* _Work instruction_: When writing out the entries below, keep only the lines from the line with "Custom cherry table with metal legs" to the line with "Martyn Brewster, Blue Horizon no. 2, 2019", both included, exactly as they are, and leave the pictures aside.

* _Information given_:
□ □ □

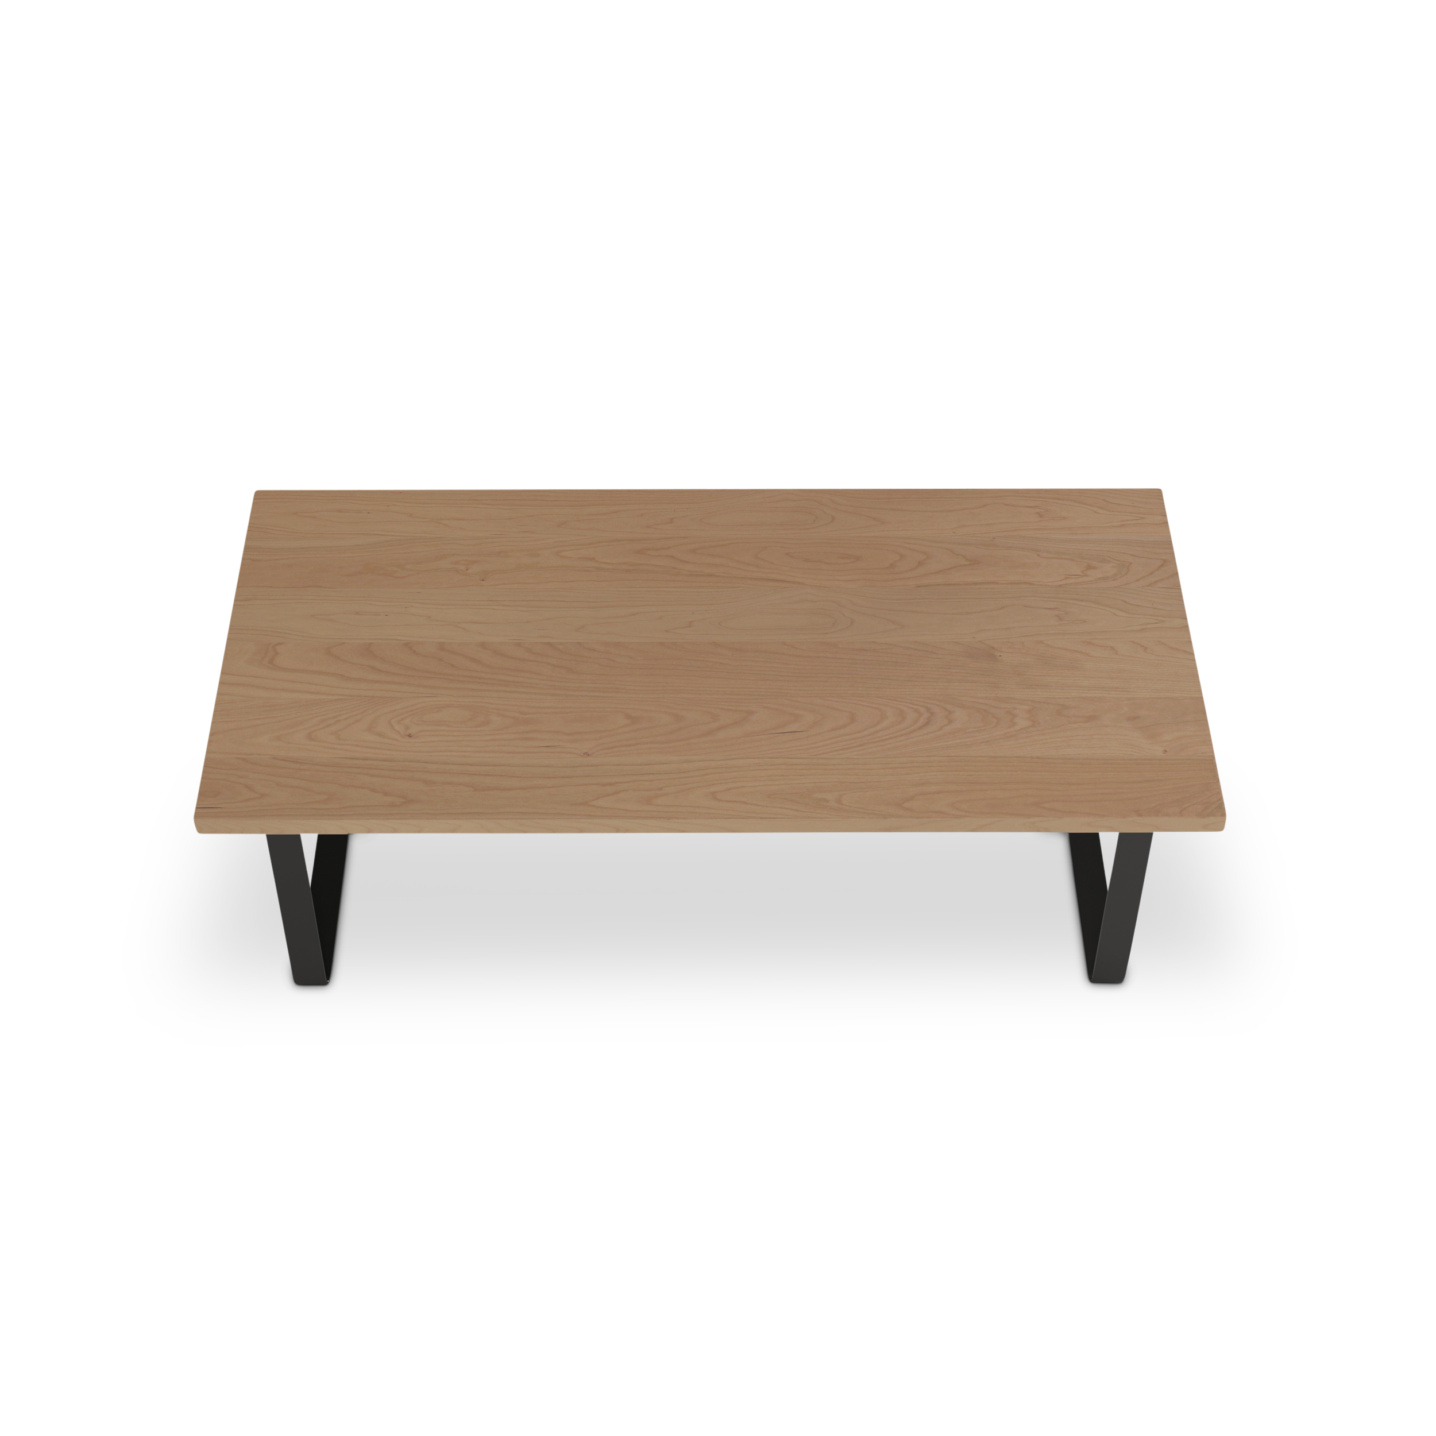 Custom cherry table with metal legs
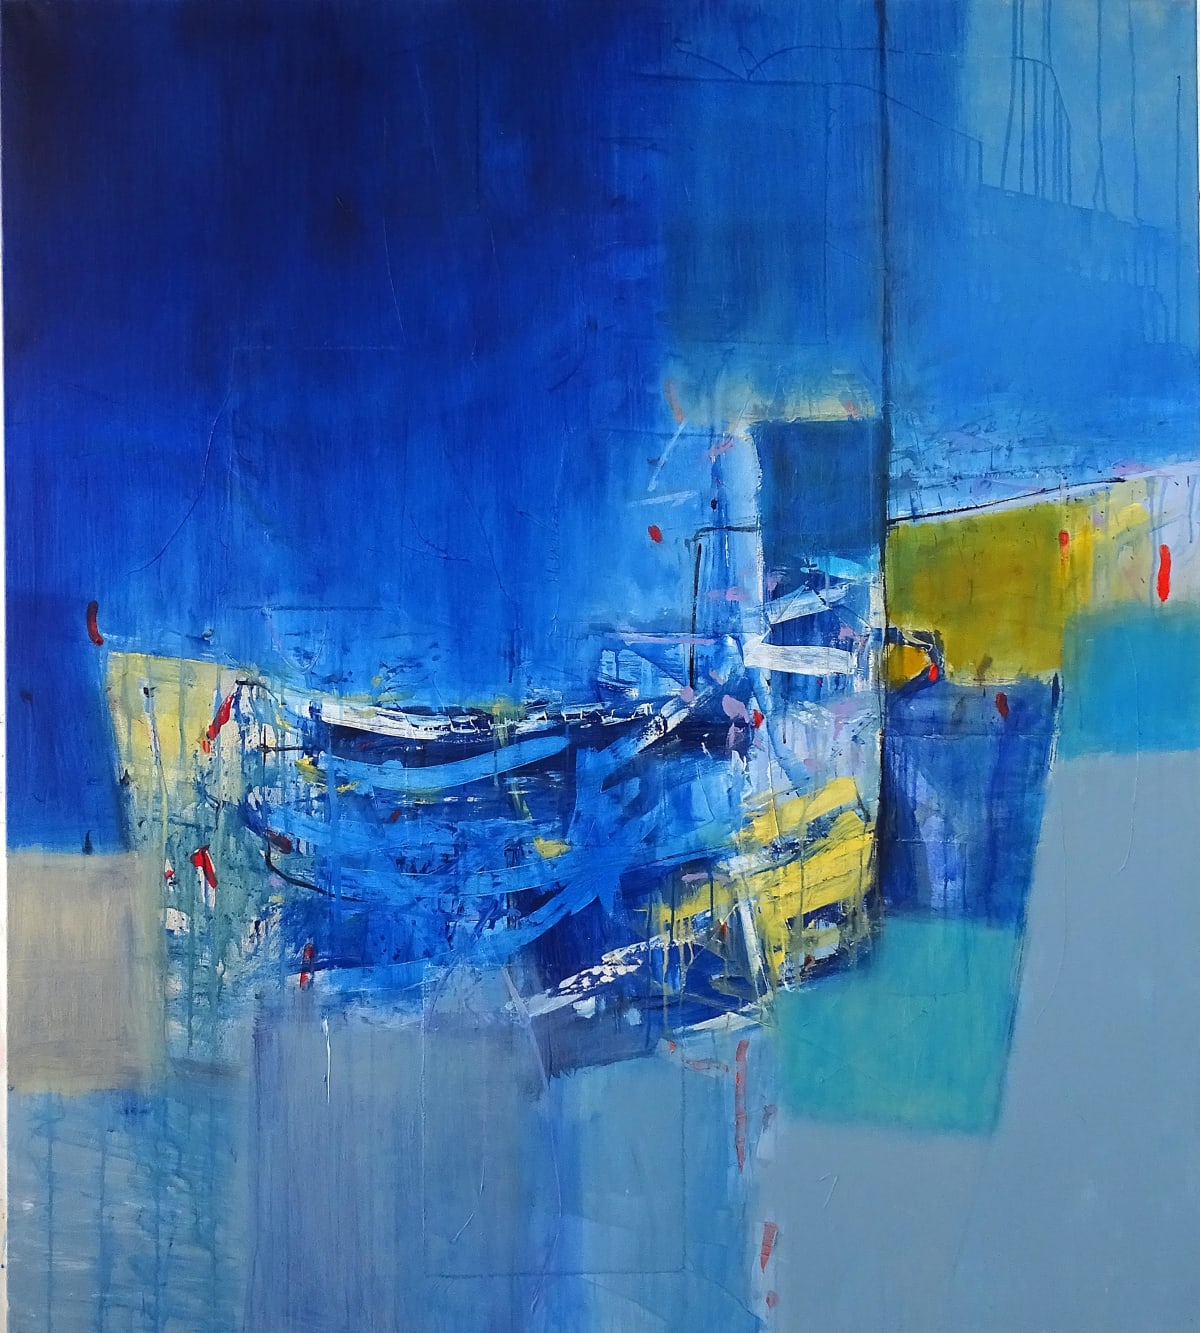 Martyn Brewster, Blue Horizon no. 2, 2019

□ □ □

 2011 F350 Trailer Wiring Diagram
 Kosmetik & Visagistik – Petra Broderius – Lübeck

□ □ □

* _Exercise response_:
 Custom cherry table with metal legs
 Martyn Brewster, Blue Horizon no. 2, 2019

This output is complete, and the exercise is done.